Repeat the data as given. Images do not go in the copy.

Data section Block Start

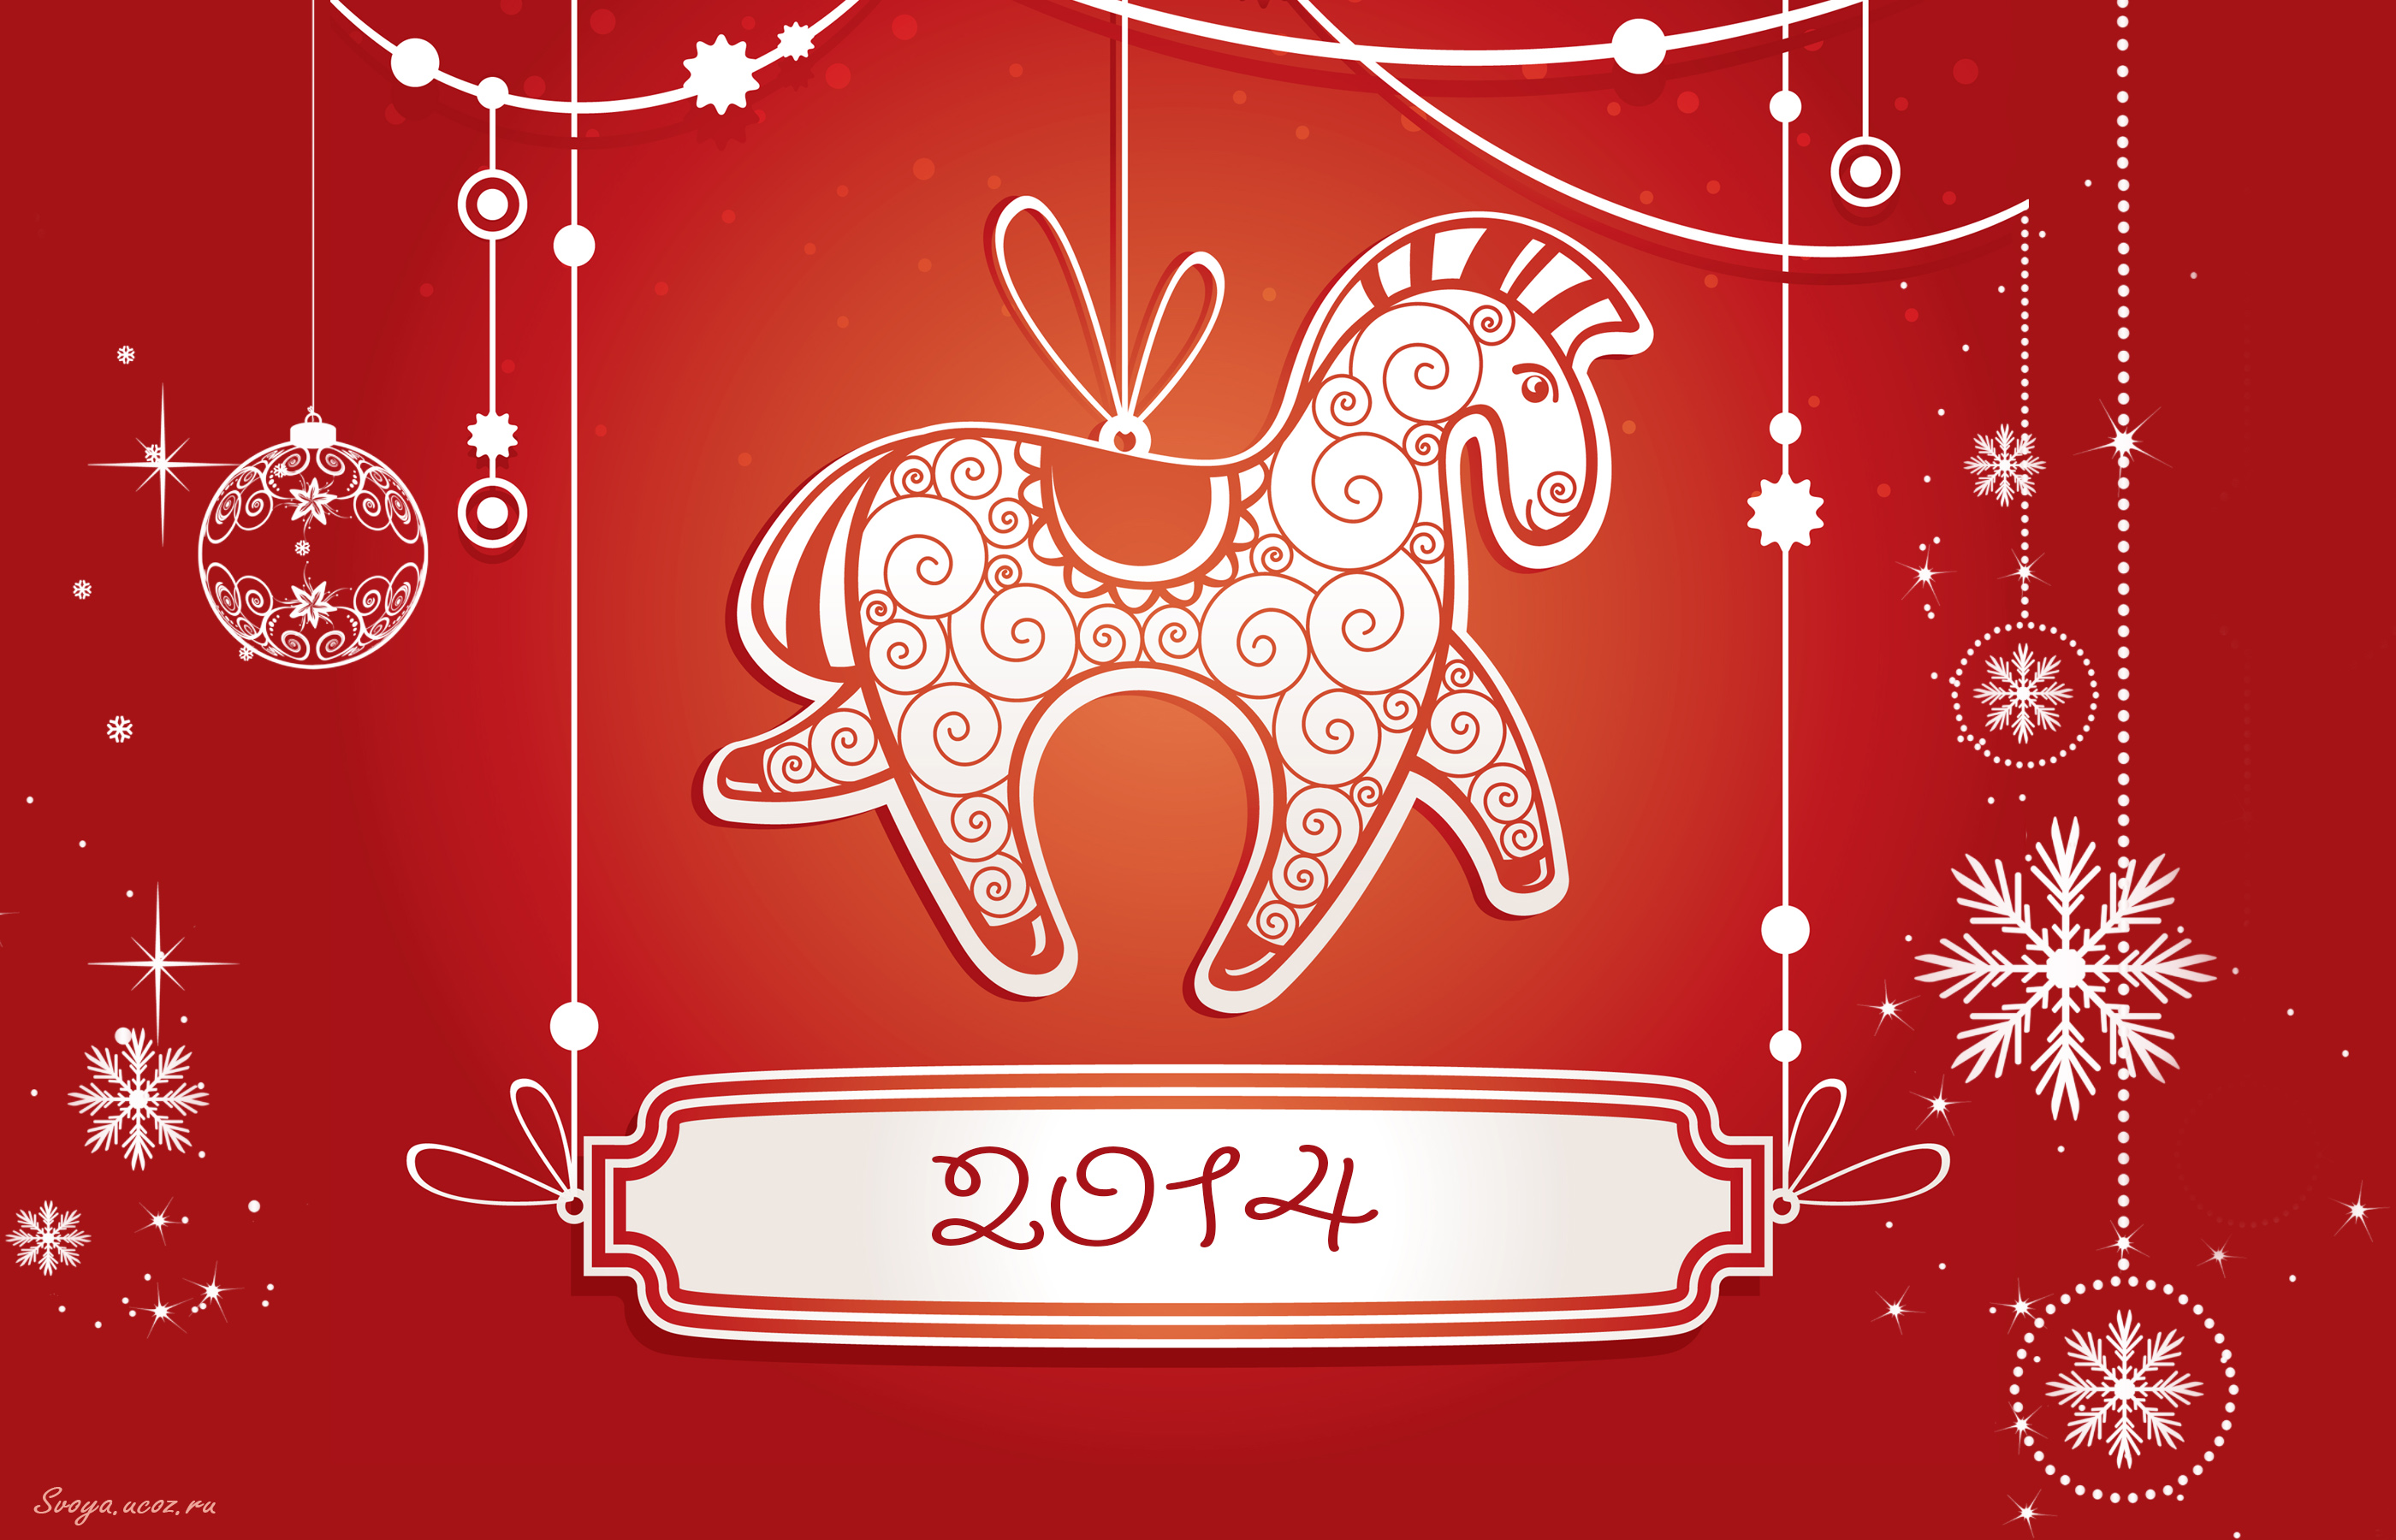 Новогодние открытки 2014 года
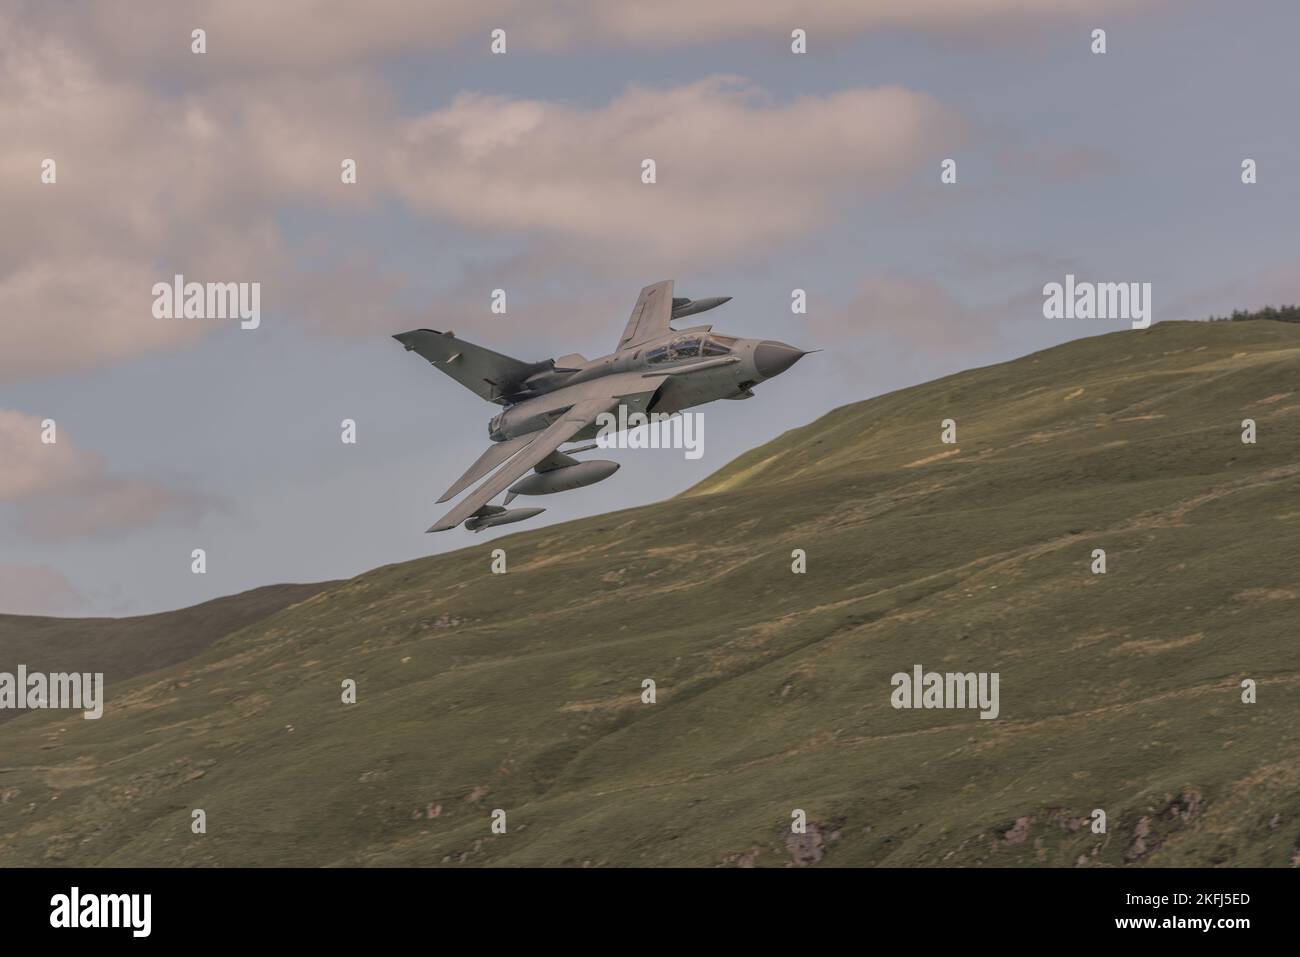 Avion de chasse militaire volant très bas et rapide à travers la boucle Mach au pays de Galles. Collines en arrière-plan. Banque D'Images
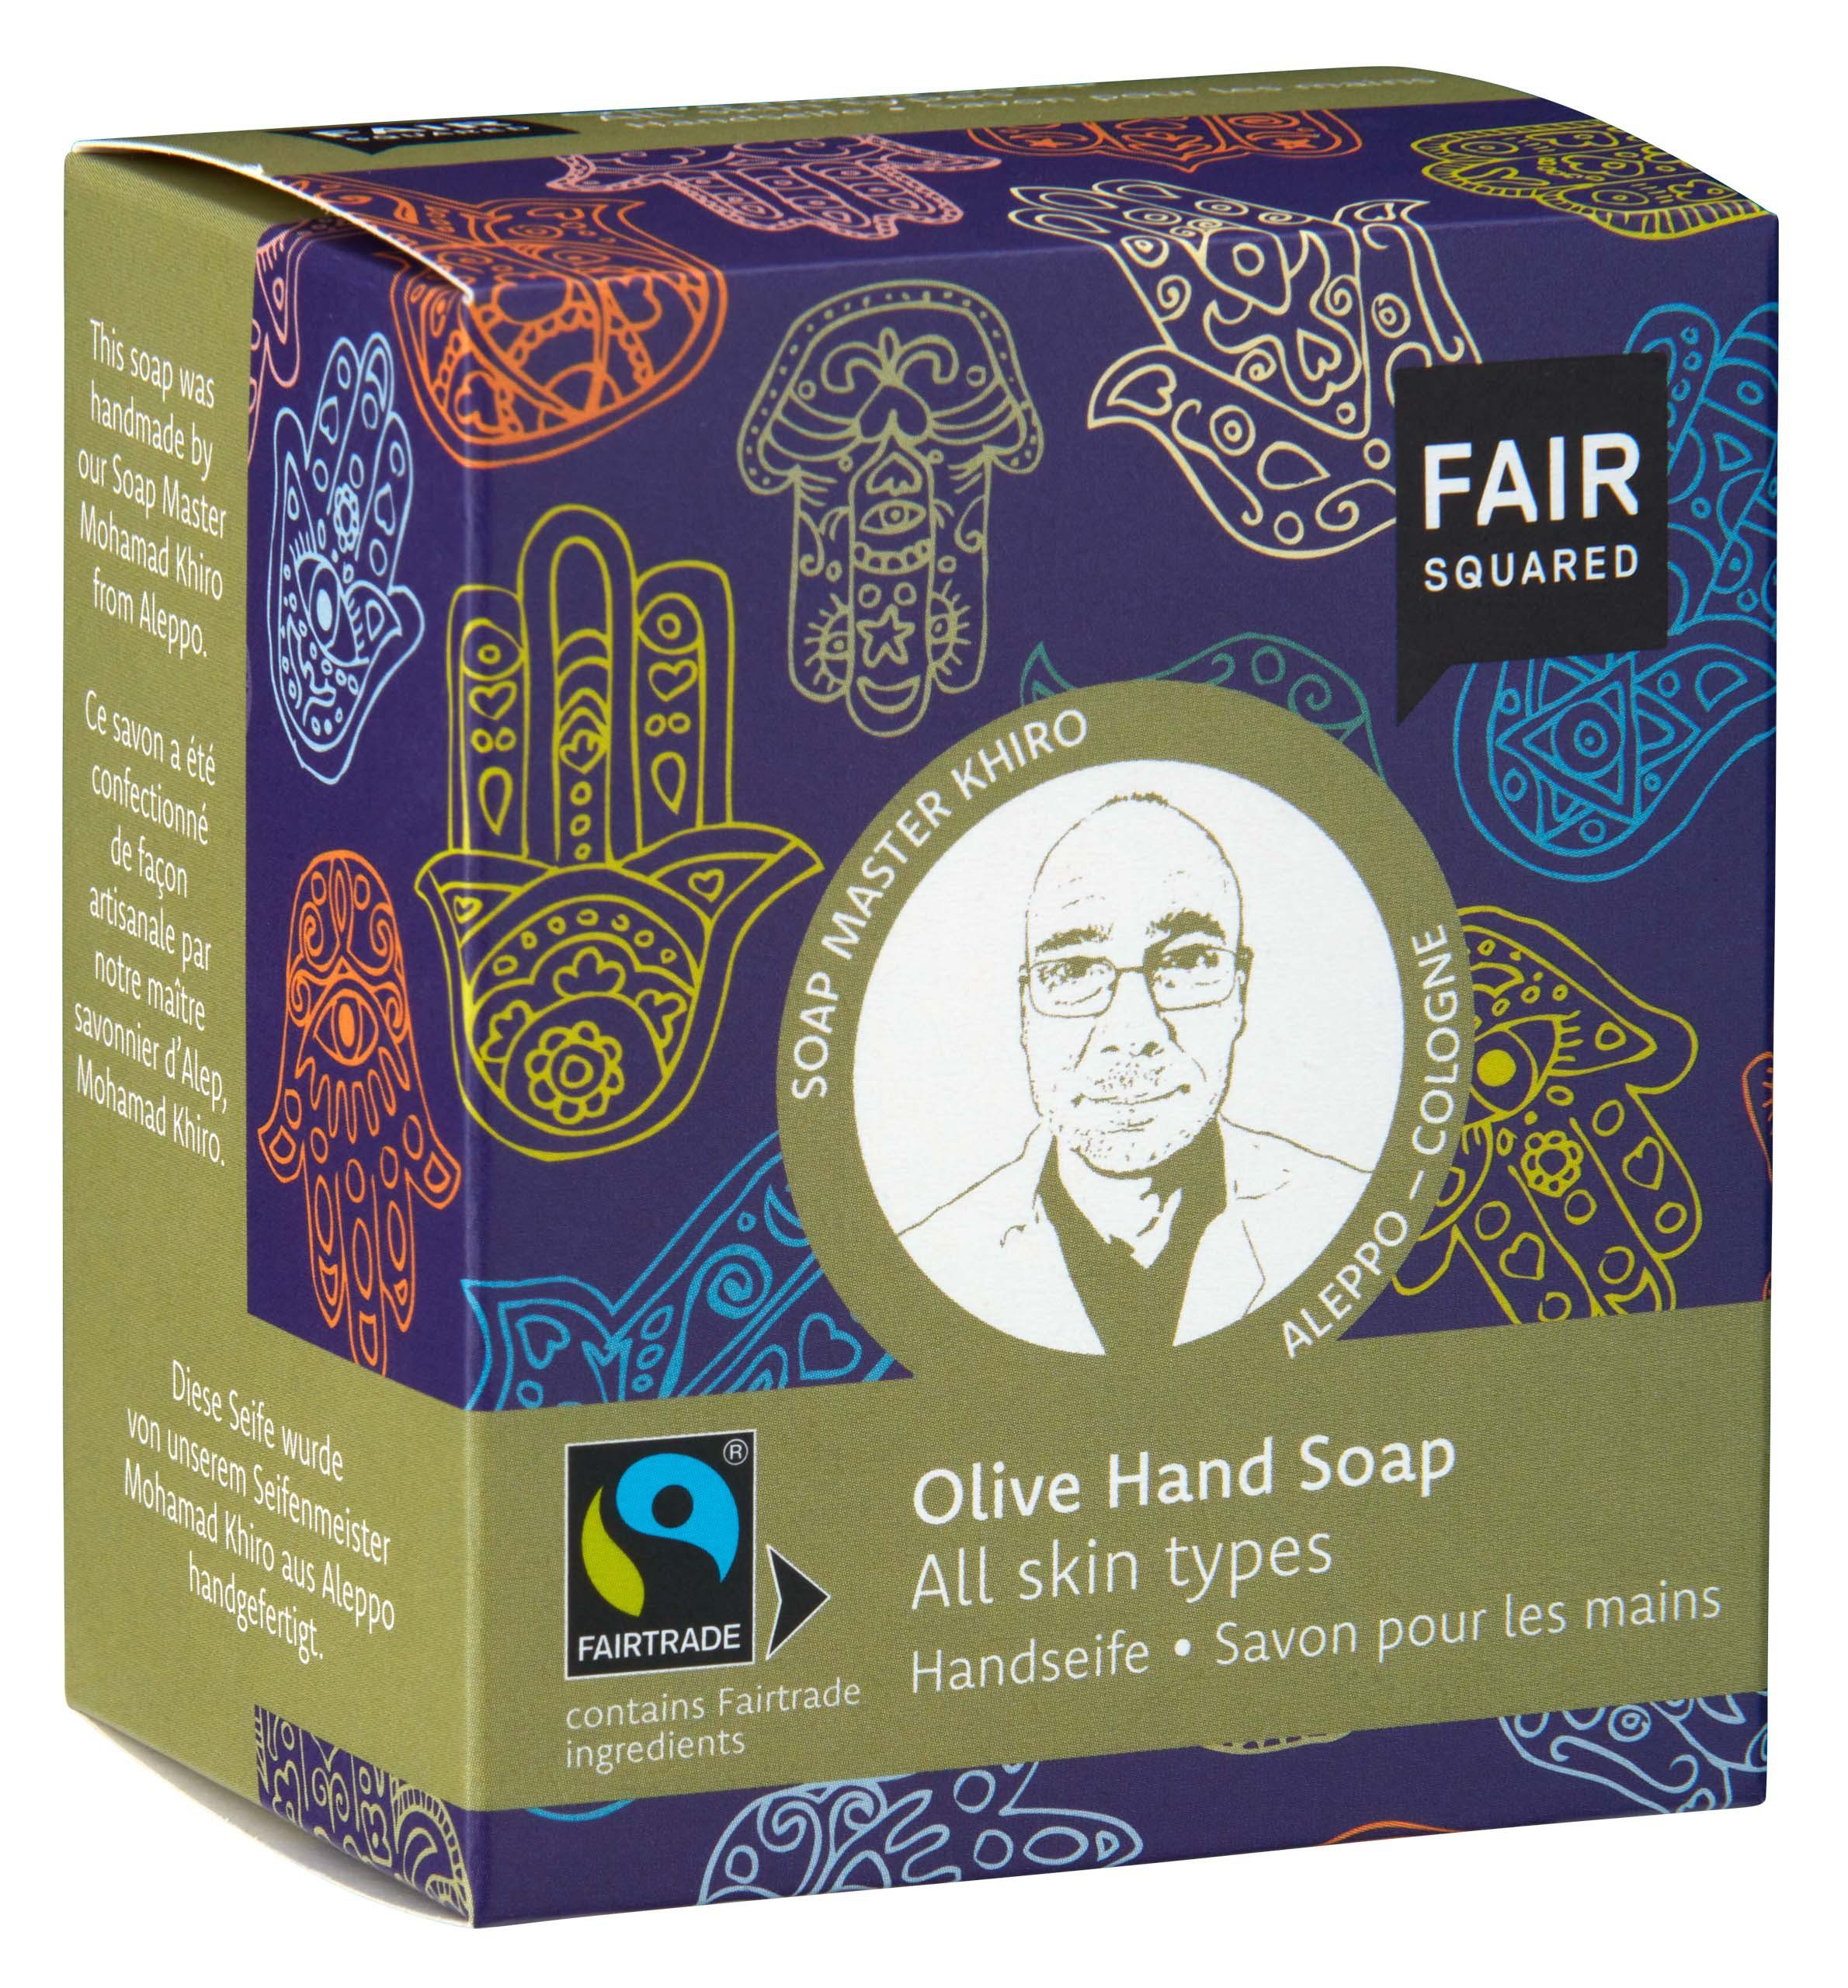 Fair Squared Handseife FAIR SQUARED Handseife mit Olivenöl für alle Hauttypen geeignet mit fair gehandelten Inhaltsstoffen, 1-tlg., Für alle Hauttypen

Data section Block End

### Response
 Новогодние открытки 2014 года
 Avion de chasse militaire volant très bas et rapide à travers la boucle Mach au pays de Galles. Collines en arrière-plan. Banque D'Images
 Fair Squared Handseife FAIR SQUARED Handseife mit Olivenöl für alle Hauttypen geeignet mit fair gehandelten Inhaltsstoffen, 1-tlg., Für alle Hauttypen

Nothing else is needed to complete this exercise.